Mepolizumab is not approved anywhere in the world for COPD. The submission to the FDA is the first to a regulatory authority for mepolizumab for COPD. Regulatory filings in other countries are planned during the course of 2017 and 2018.
COPD is a disease of the lungs that includes chronic bronchitis, emphysema or both and limits airflow to the lungs, interfering with normal breathing. It is thought to affect 384 million people worldwide. It is currently the fourth leading cause of death in the world but is projected to be the third leading cause of death by 2020. COPD is a heterogenous disease and eosinophilic inflammation exists in a sub-set of patients.
Long-term exposure to lung irritants that damage the lungs and the airways are usually the cause of COPD. Cigarette smoke, breathing in second hand smoke, air pollution, chemical fumes or dust from the environment or workplace can all contribute to COPD. Most people who have COPD are at least 40 years old when symptoms begin.
For people living with COPD the inability to breathe normally and worsening of their symptoms can consume their daily life and make simple activities, like walking upstairs, an everyday struggle.
Every person with COPD is different, with different needs, different challenges and different goals. Understanding this, and providing support to help meet these needs is the foundation of GSK’s work.
Mepolizumab is a first-in-class monoclonal antibody that targets the signalling protein IL-5. Mepolizumab binds to IL-5, preventing it from binding to its receptor on the surface of white blood cells called eosinophils. Inhibiting IL-5 binding in this way reduces blood eosinophils, which are believed to play a role in protecting the body against infection, but in some people can cause inflammation and are involved in the development of some inflammatory diseases. Mepolizumab has been developed for the treatment of diseases that are driven by inflammation caused by eosinophils.

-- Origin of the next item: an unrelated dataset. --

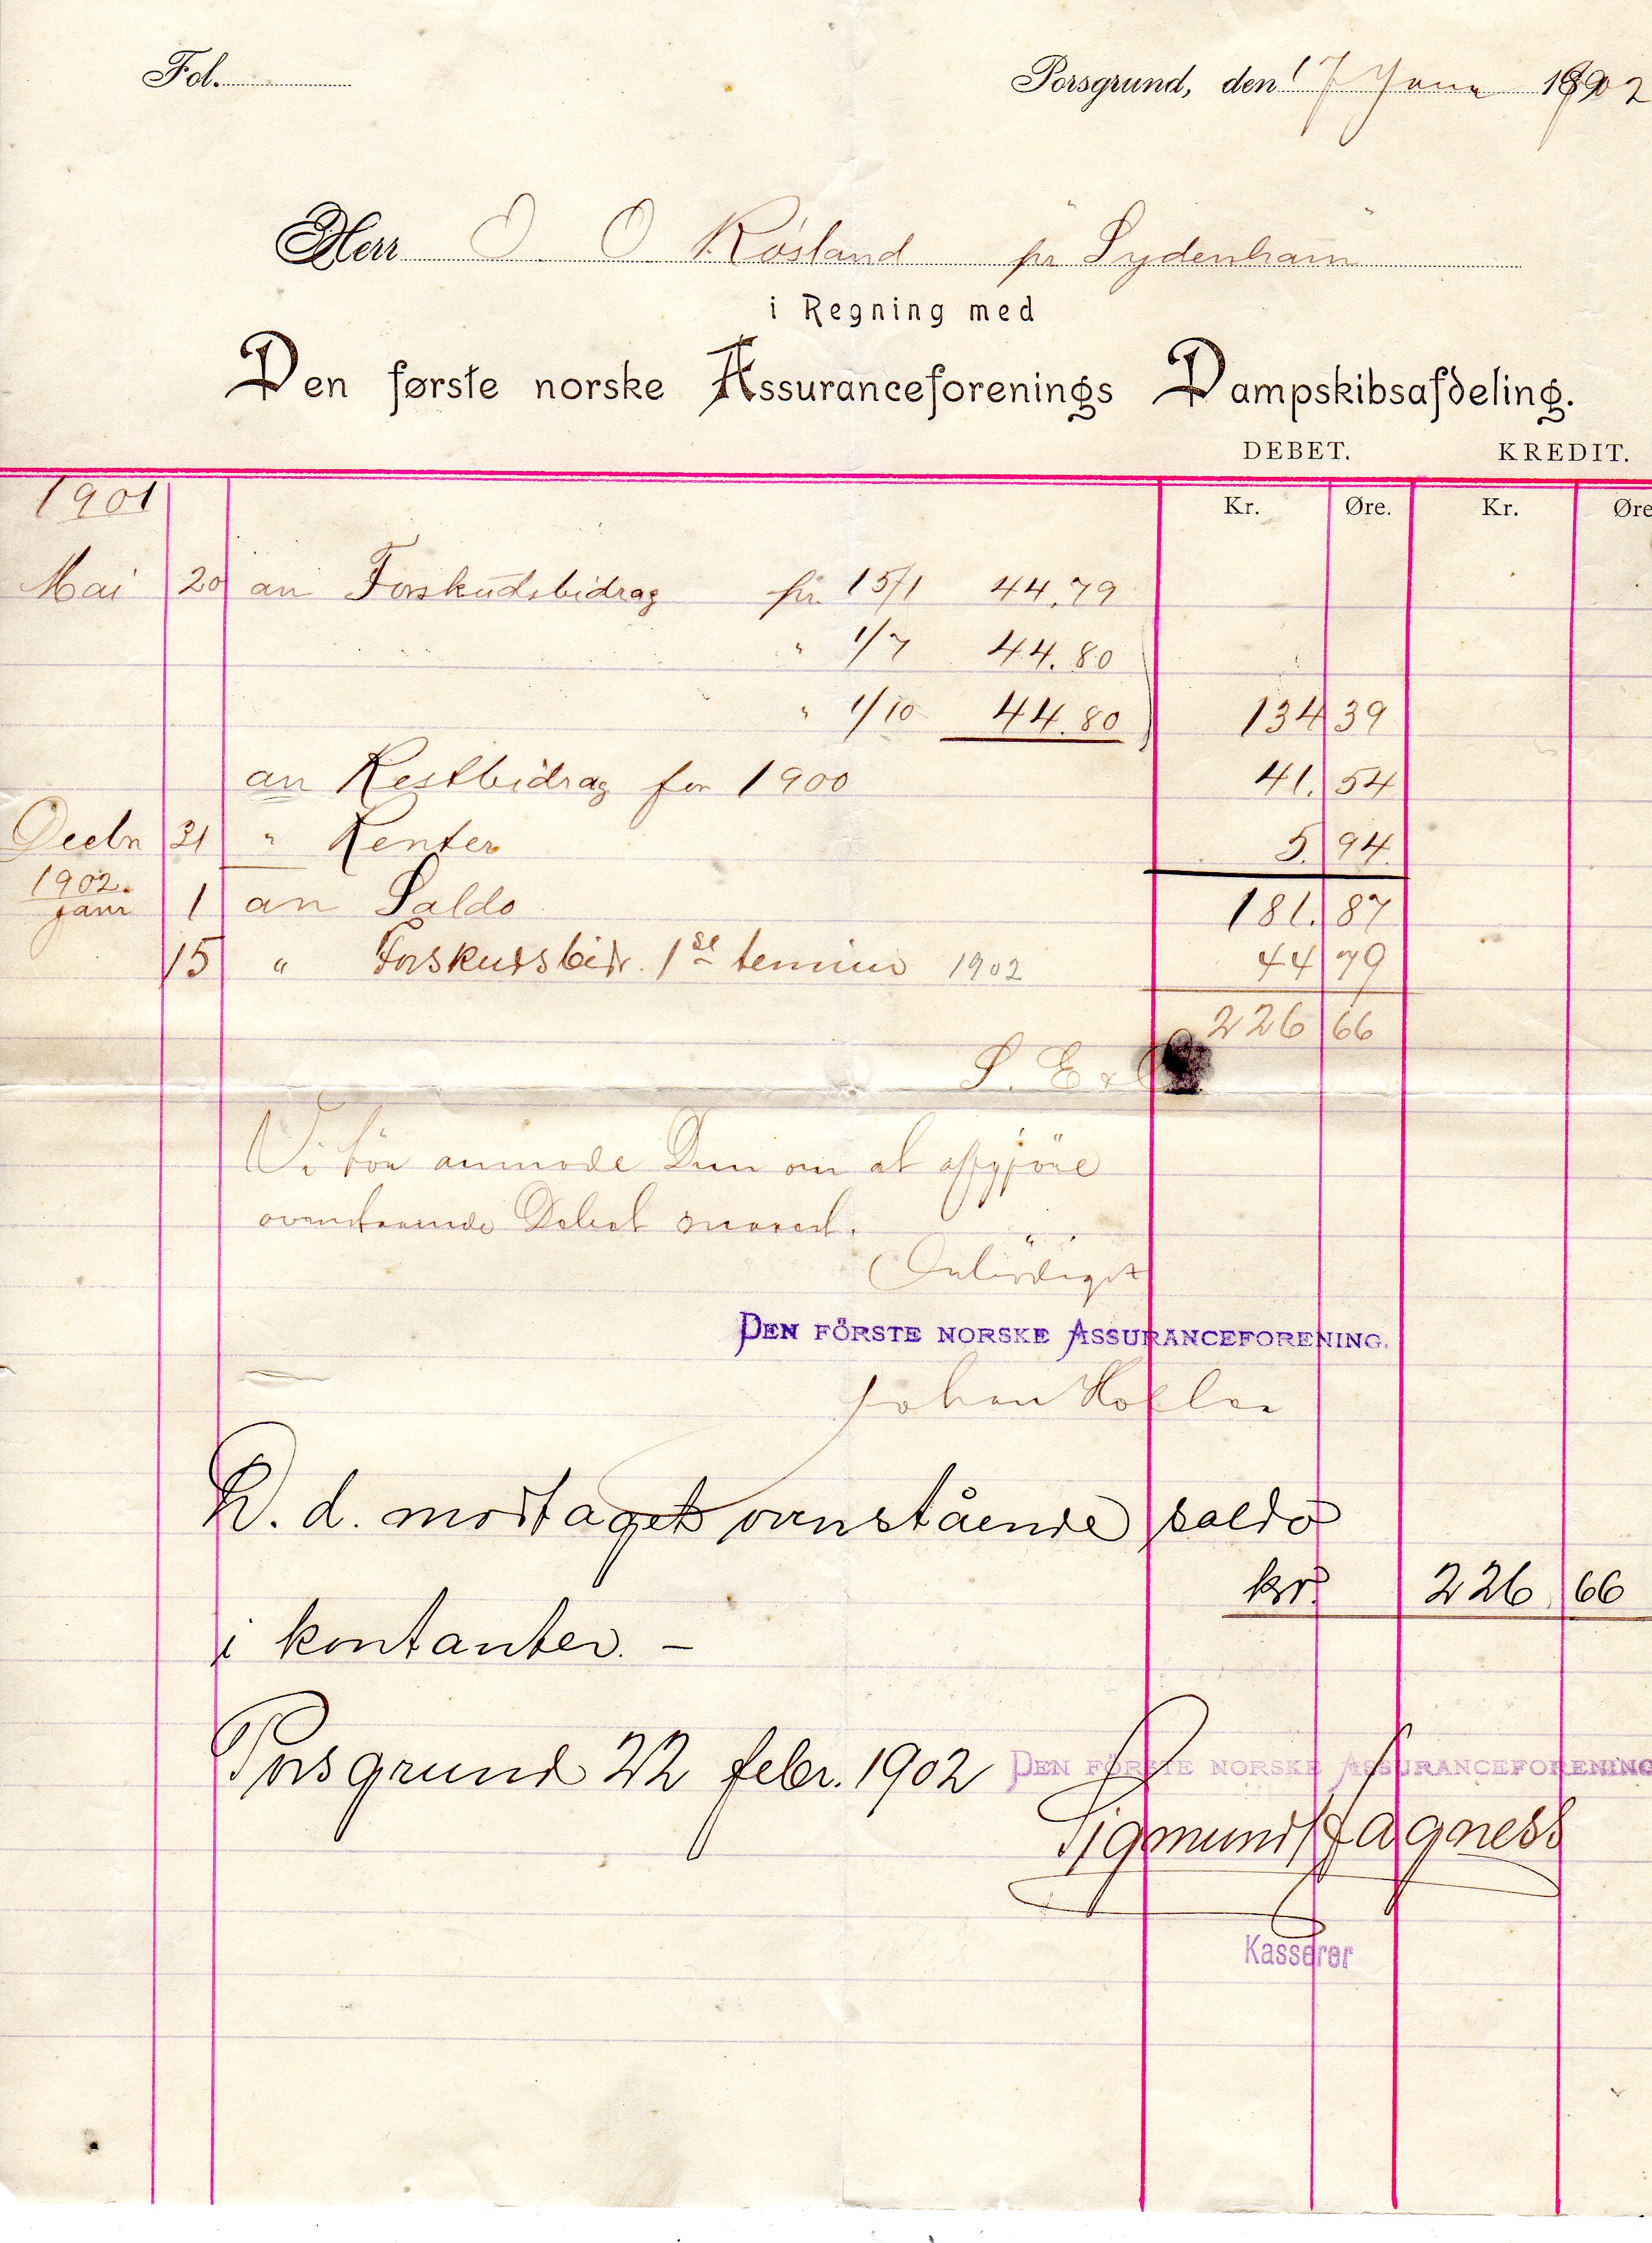 Den første norske assuransforening 1902/1903 pr stk 75kr

Mepolizumab is approved for use in the US under the brand name Nucala as an add-on maintenance treatment for patients with severe asthma aged 12 years and older, and with an eosinophilic phenotype. Nucala has also been approved for severe eosinophilic asthma in the EU, Japan and a number of other countries worldwide, although the details of the indications may vary.
Mepolizumab has been filed in the US for the treatment of adult patients with eosinophilic granulomatosis with polyangiitis (EGPA). It is also being investigated for severe hypereosinophilic syndrome, nasal polyposis and atopic dermatitis.